Top of Records for the task

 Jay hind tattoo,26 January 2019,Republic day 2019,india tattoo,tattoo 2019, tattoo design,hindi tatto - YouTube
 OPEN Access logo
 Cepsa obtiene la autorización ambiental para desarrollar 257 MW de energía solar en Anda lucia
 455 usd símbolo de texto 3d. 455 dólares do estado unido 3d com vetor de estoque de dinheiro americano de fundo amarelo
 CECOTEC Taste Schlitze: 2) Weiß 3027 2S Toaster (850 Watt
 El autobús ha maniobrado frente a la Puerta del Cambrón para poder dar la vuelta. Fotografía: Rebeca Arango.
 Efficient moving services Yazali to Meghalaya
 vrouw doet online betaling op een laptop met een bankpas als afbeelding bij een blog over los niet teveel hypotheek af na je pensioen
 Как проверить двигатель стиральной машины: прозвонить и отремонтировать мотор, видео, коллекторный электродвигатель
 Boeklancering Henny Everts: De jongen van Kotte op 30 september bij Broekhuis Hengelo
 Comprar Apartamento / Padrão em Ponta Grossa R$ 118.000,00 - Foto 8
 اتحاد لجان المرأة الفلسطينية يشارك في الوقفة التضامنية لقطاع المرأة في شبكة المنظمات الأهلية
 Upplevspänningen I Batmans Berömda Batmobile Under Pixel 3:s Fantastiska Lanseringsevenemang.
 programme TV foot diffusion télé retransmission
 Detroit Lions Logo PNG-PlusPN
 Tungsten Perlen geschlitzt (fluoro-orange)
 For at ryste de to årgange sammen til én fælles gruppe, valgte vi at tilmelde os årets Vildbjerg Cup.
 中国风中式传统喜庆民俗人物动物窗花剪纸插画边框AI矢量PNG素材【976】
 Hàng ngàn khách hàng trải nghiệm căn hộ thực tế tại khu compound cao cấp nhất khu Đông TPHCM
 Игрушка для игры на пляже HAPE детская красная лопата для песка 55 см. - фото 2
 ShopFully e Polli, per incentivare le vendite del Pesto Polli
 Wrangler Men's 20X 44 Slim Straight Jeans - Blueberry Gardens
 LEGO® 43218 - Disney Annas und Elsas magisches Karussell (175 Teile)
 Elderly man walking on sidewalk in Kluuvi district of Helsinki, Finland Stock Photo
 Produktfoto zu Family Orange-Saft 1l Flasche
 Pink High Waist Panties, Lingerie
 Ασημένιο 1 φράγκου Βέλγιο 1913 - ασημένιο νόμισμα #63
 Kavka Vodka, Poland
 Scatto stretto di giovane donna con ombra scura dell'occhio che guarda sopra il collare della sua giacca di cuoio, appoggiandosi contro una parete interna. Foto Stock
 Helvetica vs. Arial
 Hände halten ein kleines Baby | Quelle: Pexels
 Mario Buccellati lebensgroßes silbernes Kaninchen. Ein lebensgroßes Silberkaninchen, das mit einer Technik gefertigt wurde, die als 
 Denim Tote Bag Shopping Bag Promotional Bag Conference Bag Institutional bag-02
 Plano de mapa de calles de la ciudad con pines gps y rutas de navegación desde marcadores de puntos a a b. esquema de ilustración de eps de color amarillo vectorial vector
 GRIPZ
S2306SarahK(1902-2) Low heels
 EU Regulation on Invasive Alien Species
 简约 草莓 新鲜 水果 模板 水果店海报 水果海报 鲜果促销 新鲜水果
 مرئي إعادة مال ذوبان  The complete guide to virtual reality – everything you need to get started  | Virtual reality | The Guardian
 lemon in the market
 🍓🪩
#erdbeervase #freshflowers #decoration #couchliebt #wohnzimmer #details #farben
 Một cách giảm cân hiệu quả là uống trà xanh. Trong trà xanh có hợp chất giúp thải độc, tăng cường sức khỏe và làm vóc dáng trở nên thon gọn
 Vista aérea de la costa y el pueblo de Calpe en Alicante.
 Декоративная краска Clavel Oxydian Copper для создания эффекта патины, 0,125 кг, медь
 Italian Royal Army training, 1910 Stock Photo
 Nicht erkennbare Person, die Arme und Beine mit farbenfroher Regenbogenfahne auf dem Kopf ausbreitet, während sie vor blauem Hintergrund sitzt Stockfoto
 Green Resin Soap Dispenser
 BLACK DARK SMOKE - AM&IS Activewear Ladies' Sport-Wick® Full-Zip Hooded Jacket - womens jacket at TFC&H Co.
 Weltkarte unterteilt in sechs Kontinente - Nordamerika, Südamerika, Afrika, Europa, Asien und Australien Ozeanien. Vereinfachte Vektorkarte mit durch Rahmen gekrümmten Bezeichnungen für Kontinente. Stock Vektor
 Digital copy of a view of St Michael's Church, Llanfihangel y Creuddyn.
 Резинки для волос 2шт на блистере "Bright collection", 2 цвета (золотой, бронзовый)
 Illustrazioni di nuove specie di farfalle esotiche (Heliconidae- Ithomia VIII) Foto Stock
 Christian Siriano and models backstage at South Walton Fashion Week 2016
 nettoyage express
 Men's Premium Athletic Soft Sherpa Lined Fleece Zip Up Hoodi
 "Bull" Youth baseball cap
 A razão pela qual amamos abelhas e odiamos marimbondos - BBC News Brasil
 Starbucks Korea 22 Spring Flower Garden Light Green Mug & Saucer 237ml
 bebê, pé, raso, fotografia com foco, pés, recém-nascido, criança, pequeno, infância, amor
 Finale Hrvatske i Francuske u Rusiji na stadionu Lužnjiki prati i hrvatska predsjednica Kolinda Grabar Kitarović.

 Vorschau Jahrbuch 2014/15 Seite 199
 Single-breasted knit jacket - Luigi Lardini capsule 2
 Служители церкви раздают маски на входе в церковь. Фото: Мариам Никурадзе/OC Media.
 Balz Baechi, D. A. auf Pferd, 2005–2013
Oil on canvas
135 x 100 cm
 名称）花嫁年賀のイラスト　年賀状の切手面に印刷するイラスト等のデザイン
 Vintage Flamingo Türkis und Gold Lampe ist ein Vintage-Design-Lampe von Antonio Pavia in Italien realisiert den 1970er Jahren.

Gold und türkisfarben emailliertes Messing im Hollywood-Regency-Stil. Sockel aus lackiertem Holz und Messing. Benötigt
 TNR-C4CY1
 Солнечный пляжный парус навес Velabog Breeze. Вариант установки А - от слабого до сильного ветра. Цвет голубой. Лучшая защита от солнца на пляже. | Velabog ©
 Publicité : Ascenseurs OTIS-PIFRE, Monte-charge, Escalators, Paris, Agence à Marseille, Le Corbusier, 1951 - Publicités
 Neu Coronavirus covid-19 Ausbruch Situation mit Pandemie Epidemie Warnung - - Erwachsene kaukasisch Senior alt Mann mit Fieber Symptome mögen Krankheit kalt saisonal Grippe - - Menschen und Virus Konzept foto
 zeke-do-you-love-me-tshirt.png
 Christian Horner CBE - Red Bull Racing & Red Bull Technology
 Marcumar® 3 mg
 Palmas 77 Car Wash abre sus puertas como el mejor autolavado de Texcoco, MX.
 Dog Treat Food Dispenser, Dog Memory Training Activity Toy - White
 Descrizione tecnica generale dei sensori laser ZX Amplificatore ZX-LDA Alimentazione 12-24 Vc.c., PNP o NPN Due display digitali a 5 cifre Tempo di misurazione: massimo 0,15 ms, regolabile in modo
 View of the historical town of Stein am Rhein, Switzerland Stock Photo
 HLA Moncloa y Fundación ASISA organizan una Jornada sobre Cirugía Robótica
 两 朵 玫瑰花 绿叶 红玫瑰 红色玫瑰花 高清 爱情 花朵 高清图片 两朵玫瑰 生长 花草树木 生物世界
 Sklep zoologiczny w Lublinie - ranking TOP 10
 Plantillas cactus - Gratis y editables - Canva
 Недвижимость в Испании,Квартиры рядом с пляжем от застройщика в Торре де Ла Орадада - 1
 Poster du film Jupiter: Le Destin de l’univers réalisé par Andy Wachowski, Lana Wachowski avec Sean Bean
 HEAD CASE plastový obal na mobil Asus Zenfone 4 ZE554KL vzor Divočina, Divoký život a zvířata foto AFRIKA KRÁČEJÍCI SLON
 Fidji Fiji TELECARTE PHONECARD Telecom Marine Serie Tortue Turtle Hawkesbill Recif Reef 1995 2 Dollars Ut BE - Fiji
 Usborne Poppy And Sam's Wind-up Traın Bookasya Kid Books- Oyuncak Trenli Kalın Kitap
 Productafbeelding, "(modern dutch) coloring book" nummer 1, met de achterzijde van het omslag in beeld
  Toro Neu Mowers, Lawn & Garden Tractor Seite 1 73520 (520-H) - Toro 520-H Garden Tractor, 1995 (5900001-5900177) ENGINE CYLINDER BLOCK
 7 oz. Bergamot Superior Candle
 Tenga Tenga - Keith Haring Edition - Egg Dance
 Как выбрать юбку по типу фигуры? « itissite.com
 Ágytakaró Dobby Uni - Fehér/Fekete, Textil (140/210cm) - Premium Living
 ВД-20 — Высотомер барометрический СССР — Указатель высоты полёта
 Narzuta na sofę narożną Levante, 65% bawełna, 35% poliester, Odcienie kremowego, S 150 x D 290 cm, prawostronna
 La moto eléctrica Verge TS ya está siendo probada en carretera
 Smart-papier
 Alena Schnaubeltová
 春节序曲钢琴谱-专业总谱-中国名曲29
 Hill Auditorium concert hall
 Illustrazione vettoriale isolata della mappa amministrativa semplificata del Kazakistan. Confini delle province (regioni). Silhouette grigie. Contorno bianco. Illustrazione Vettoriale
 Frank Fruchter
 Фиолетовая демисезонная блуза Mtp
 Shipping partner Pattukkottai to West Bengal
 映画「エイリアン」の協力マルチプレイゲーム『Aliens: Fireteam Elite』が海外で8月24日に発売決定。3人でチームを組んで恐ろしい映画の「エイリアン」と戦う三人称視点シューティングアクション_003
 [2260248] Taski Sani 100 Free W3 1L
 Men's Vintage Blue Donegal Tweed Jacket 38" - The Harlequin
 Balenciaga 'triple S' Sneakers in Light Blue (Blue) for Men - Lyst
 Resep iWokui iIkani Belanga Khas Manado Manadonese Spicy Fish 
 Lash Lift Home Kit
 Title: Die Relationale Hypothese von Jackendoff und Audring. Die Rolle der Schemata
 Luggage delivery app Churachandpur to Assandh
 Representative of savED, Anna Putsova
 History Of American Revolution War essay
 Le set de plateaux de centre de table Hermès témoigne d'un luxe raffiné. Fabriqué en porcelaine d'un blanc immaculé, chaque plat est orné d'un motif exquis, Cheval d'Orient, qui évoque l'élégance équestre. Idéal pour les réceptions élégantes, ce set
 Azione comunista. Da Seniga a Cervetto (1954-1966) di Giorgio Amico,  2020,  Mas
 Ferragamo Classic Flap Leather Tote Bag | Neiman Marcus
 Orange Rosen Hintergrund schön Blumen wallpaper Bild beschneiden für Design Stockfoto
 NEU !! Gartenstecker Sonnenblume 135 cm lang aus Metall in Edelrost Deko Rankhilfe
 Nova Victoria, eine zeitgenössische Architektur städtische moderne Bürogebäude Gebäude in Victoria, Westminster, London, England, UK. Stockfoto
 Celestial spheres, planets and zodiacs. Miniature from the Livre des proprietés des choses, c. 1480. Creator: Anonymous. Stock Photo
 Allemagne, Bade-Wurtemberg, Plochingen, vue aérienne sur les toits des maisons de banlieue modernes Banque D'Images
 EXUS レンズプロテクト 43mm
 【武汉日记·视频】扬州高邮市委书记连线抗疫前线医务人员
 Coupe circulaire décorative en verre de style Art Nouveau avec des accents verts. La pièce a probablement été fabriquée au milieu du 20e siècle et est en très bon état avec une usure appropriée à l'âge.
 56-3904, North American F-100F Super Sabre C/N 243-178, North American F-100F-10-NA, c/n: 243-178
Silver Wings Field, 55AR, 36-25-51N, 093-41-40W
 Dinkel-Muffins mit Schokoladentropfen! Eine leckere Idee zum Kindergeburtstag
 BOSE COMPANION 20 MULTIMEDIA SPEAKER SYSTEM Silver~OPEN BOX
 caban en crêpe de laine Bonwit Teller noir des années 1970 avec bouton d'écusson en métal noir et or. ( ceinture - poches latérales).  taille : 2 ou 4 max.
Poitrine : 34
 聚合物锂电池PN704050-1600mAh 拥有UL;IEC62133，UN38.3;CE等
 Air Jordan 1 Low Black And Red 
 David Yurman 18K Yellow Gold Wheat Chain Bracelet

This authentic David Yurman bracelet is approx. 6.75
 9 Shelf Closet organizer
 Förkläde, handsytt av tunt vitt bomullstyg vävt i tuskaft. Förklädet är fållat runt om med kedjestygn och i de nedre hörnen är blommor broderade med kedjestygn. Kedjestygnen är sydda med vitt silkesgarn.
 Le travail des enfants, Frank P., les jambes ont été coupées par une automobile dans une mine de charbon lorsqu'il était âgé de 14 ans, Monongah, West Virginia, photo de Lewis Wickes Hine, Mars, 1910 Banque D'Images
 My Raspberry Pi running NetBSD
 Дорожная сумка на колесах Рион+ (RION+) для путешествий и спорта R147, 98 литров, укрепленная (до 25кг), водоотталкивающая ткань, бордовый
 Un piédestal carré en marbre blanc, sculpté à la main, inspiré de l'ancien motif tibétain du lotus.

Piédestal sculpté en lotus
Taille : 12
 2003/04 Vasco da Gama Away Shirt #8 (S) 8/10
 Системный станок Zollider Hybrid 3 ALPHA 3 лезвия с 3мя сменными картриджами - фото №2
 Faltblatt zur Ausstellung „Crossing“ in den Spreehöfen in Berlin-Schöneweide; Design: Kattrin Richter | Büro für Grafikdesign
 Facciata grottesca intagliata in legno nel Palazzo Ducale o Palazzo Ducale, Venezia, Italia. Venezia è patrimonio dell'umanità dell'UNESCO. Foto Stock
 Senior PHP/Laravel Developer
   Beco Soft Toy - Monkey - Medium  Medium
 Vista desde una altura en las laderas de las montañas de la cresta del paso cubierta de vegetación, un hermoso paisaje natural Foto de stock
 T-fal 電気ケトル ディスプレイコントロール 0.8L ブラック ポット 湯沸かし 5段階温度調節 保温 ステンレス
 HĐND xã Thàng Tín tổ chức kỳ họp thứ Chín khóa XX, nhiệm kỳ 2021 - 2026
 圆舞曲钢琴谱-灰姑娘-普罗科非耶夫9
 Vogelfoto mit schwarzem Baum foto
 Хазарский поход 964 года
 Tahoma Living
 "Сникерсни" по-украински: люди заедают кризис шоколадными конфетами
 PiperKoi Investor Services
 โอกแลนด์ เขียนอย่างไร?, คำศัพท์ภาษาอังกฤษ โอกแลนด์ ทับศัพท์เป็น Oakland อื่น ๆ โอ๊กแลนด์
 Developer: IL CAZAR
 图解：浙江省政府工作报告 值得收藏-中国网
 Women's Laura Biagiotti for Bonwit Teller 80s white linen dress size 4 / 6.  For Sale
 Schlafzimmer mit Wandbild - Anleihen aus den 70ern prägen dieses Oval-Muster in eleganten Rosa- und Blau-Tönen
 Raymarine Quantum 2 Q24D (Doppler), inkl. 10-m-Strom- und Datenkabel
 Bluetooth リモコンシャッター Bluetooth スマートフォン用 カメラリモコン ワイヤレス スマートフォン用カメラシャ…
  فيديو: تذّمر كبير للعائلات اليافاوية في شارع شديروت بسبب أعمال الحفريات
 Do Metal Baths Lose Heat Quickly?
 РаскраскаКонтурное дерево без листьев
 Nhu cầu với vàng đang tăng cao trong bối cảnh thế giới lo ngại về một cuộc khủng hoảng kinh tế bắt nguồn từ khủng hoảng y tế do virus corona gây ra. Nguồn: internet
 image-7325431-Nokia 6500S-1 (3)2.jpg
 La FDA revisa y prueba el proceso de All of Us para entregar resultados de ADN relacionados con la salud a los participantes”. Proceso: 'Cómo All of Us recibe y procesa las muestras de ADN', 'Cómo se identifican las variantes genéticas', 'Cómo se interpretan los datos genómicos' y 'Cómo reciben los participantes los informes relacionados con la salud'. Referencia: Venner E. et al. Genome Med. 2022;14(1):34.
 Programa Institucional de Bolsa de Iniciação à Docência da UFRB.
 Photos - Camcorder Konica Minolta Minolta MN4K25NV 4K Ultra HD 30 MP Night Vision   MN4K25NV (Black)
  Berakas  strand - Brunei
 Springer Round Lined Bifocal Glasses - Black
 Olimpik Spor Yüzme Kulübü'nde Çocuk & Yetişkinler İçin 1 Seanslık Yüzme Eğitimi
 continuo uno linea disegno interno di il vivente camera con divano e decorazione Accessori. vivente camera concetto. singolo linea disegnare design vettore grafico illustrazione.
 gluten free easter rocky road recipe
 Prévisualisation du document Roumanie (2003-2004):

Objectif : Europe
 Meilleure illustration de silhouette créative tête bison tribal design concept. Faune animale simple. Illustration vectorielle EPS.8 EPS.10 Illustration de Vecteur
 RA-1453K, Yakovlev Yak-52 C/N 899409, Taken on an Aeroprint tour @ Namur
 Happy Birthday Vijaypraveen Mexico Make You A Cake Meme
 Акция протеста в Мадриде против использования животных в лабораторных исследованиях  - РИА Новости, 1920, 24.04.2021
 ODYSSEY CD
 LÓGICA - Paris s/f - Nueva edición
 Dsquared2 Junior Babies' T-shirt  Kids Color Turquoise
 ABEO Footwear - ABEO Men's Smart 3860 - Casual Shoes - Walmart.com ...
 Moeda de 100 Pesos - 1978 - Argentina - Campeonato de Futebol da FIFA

Bottom of Records for the task

• _What the exercise asks_: Write down again, exactly as given, only the lines above that fall from the line with "Nova Victoria, eine" to the line with "56-3904, North American", inclusive.

• _Solution to this exercise_:
 Nova Victoria, eine zeitgenössische Architektur städtische moderne Bürogebäude Gebäude in Victoria, Westminster, London, England, UK. Stockfoto
 Celestial spheres, planets and zodiacs. Miniature from the Livre des proprietés des choses, c. 1480. Creator: Anonymous. Stock Photo
 Allemagne, Bade-Wurtemberg, Plochingen, vue aérienne sur les toits des maisons de banlieue modernes Banque D'Images
 EXUS レンズプロテクト 43mm
 【武汉日记·视频】扬州高邮市委书记连线抗疫前线医务人员
 Coupe circulaire décorative en verre de style Art Nouveau avec des accents verts. La pièce a probablement été fabriquée au milieu du 20e siècle et est en très bon état avec une usure appropriée à l'âge.
 56-3904, North American F-100F Super Sabre C/N 243-178, North American F-100F-10-NA, c/n: 243-178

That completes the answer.